Полного, безоговорочного признания, однако, не произошло. Горбачев решил не передавать польской стороне документы «особой папки», содержавшей главную улику — постановление Политбюро о расстреле польских военнопленных без суда и следствия. 13 апреля 1990 г. Ярузельский получил от Горбачева две папки, в которых были собраны, по словам советского президента, «косвенные, но достаточно убедительные доказательства того, что расправа с польскими офицерами в Катыни была осуществлена тогдашними руководителями НКВД». Об ответственности высшего политического руководства страны не было сказано ни слова. Более того, Горбачев счел нужным попросить генерала не раздувать сенсацию. Утвержденный Политбюро проект беседы (тоже под грифом «совершенно секретно») гласит: «Хотел бы посоветоваться с Вами, Войцех Владиславович, как лучше сделать, чтобы внесение окончательной ясности в катынскую трагедию не пошло во вред польским друзьям, а сам факт объявления об этом сейчас не был бы представлен как результат давления». Конечно, забота о своем личном престиже и лицемерное беспокойство по поводу «вреда», который может причинить «польским друзьям» признание вины НКВД, не идет ни в какое сравнение со значением события.

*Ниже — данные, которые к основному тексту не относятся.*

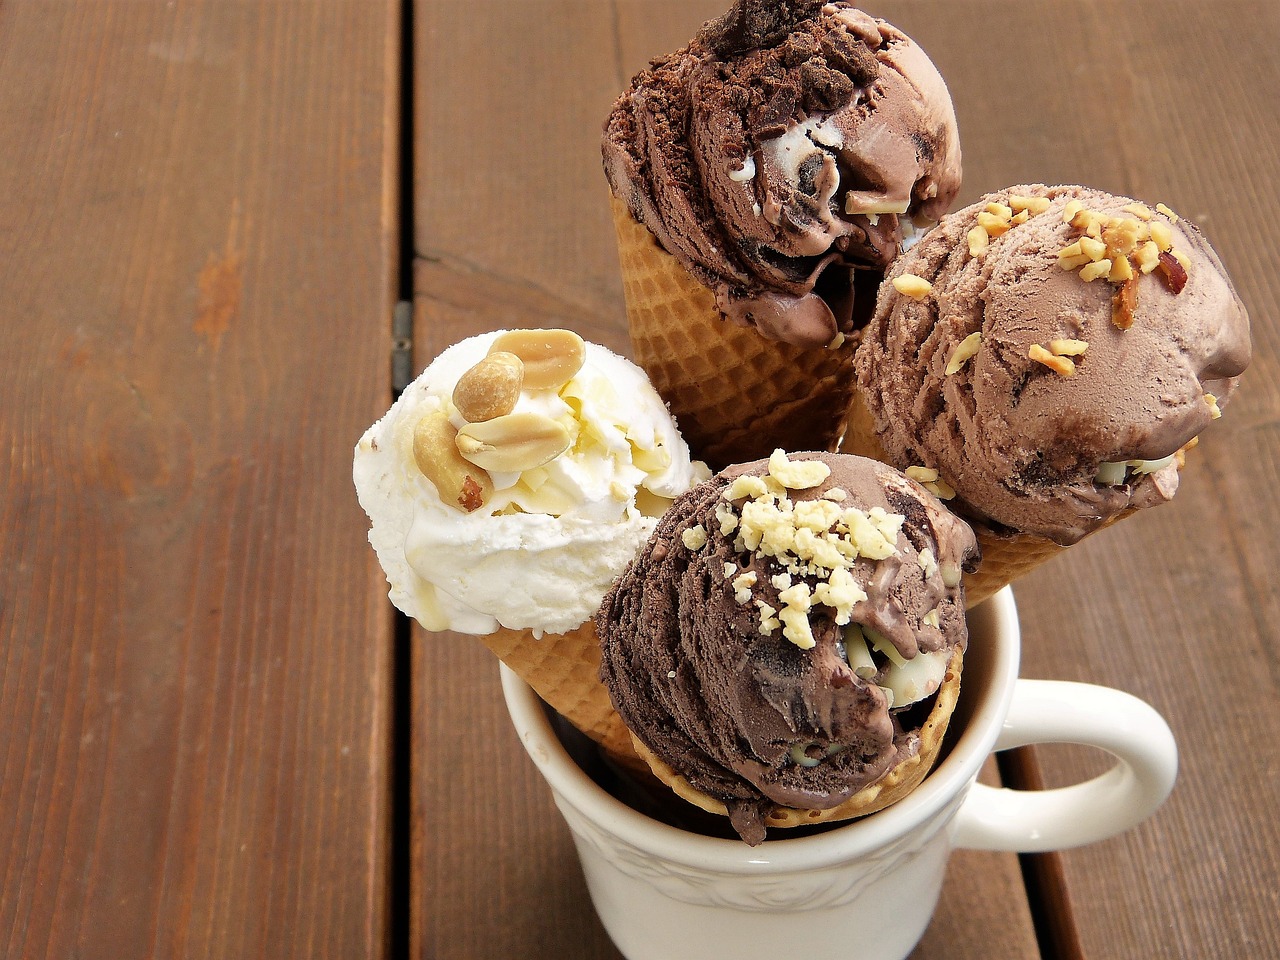 Our guide to decoding ice cream scoop-shop menus
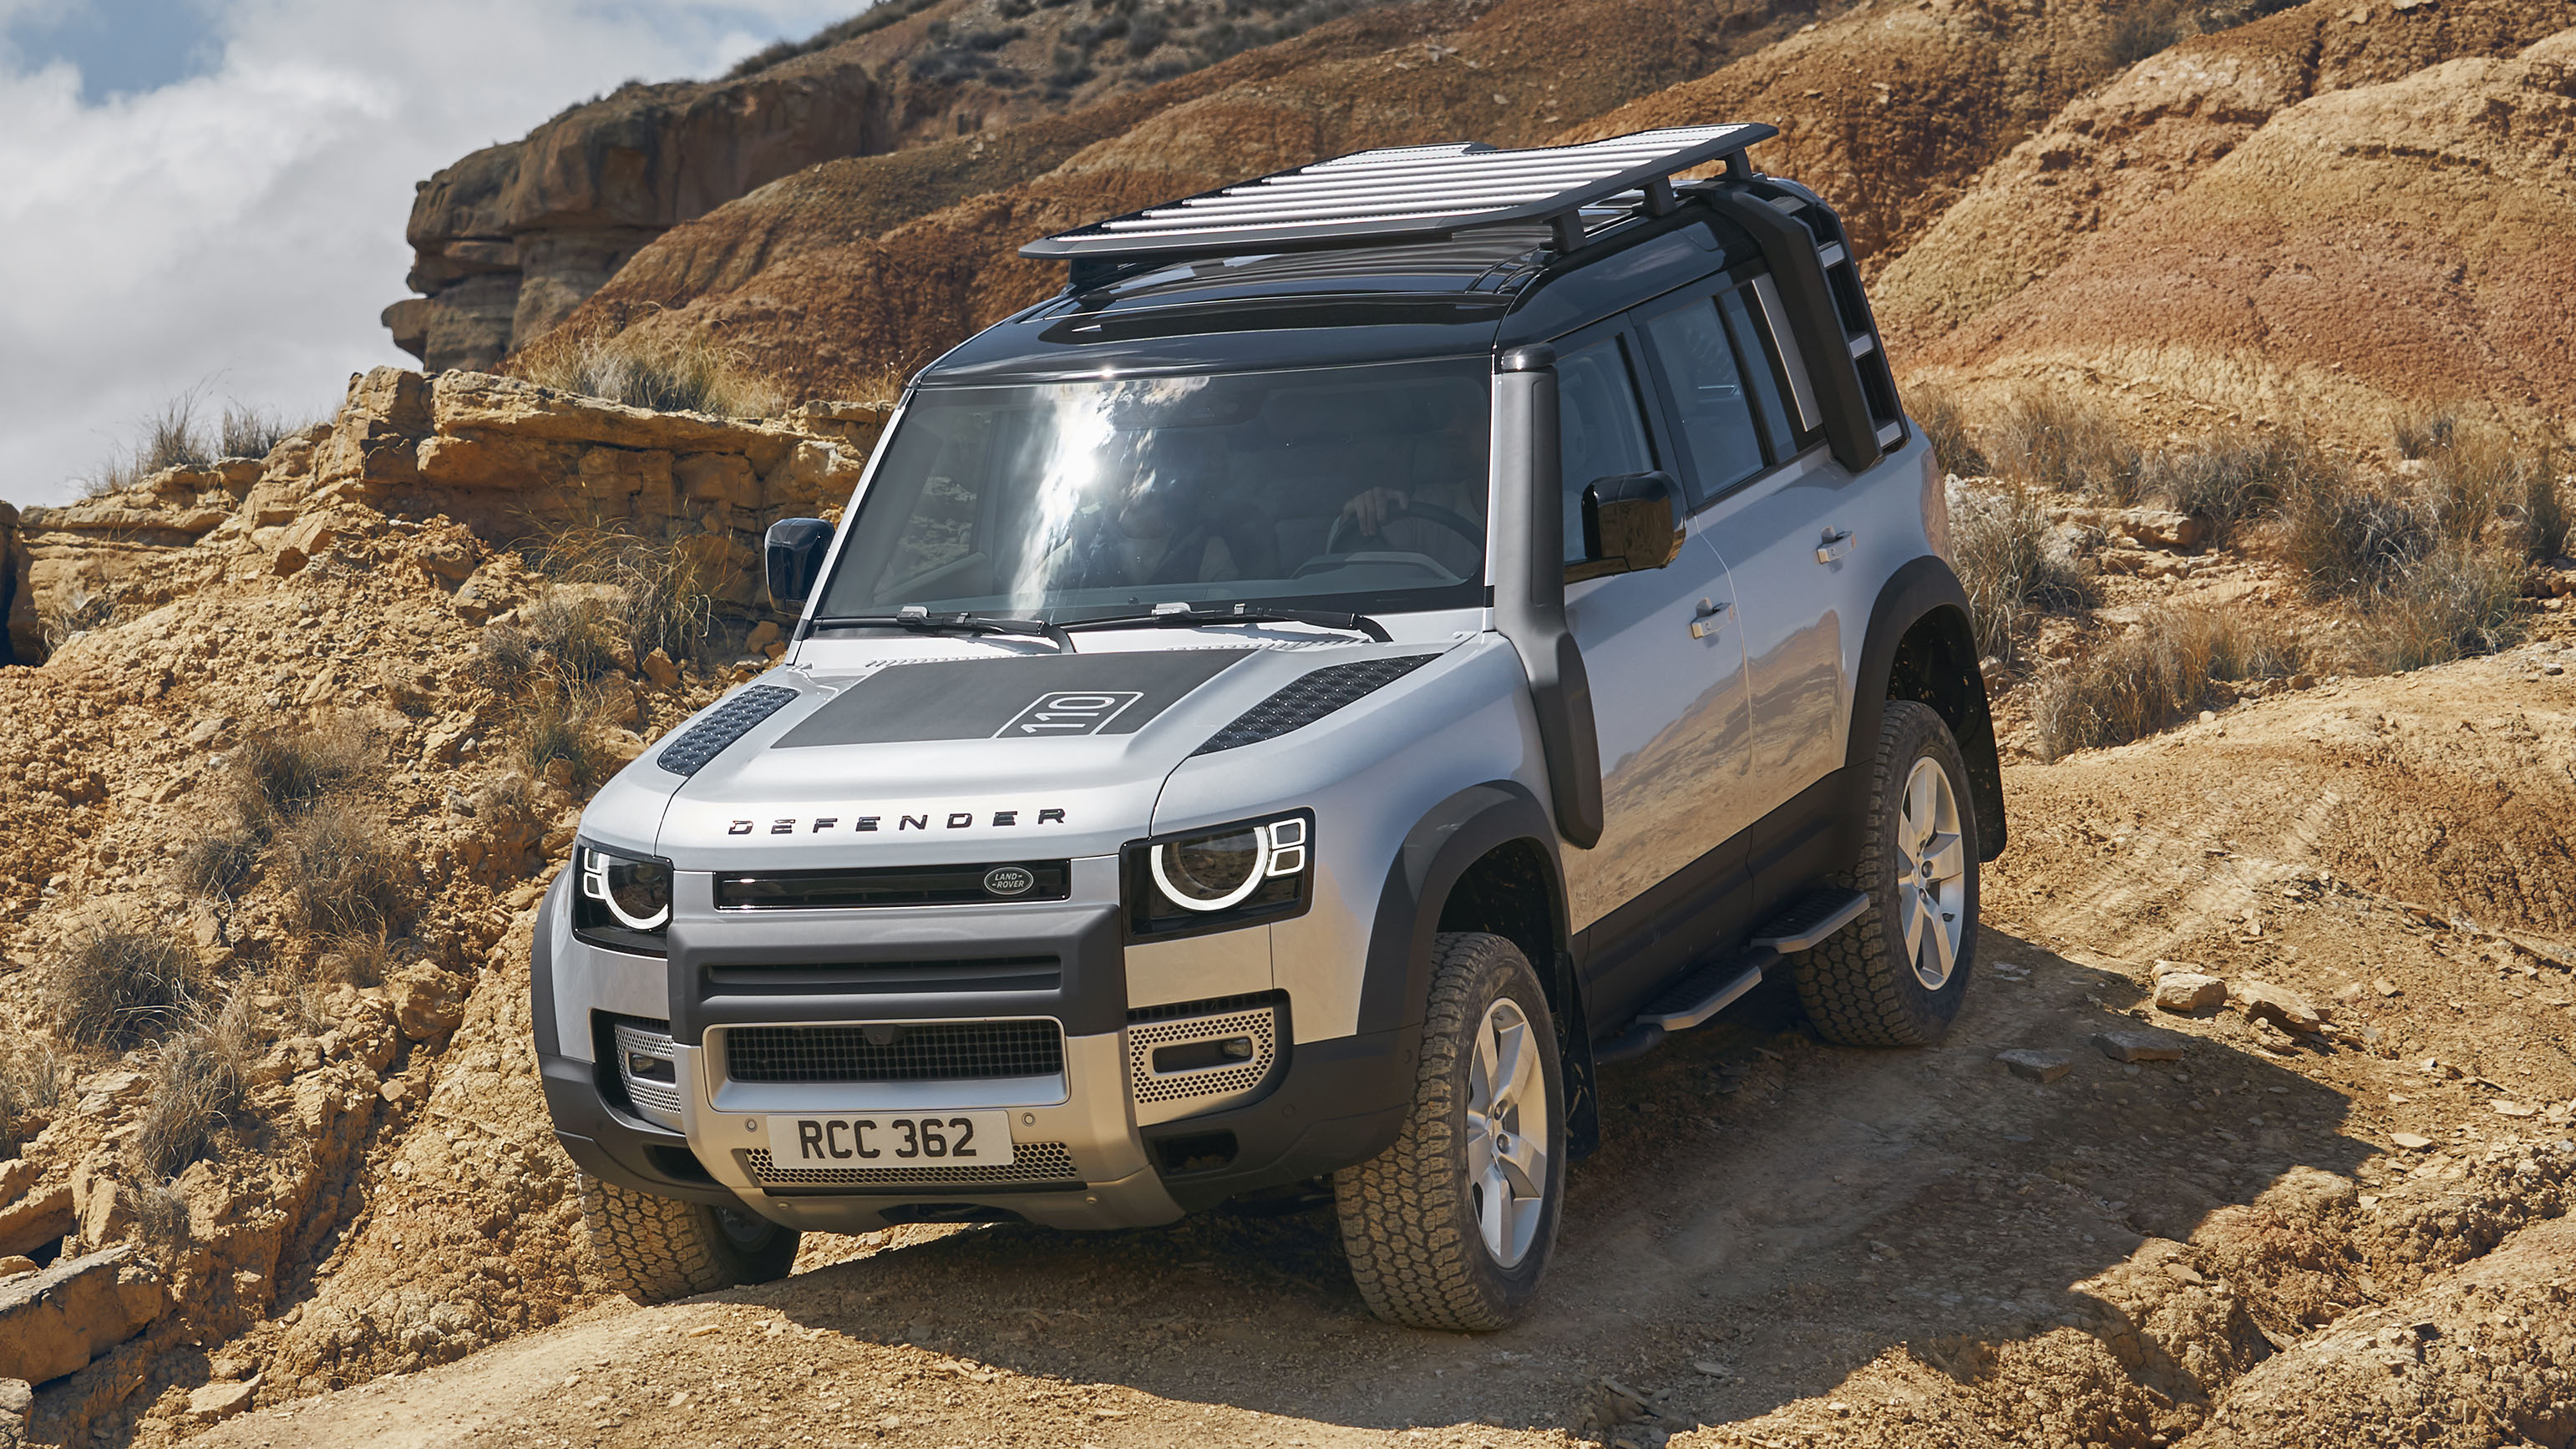 500 New Look Land rover defender 2020 specs for Speed

Широкая публика узнала о нем из сообщения ТАСС, в котором было сказано, что «выявленные архивные материалы в своей совокупности позволяют сделать вывод о непосредственной ответственности за злодеяние в Катынском лесу Берии, Меркулова и их подручных. Советская сторона, выражая глубокое сожаление в связи с катынской трагедией, заявляет, что она представляет одно из тяжких преступлений сталинизма».

Моя рукопись ушла в набор. Книга вышла в январе 1991 г. неслыханным сегодня тиражом — 75 тысяч экземпляров.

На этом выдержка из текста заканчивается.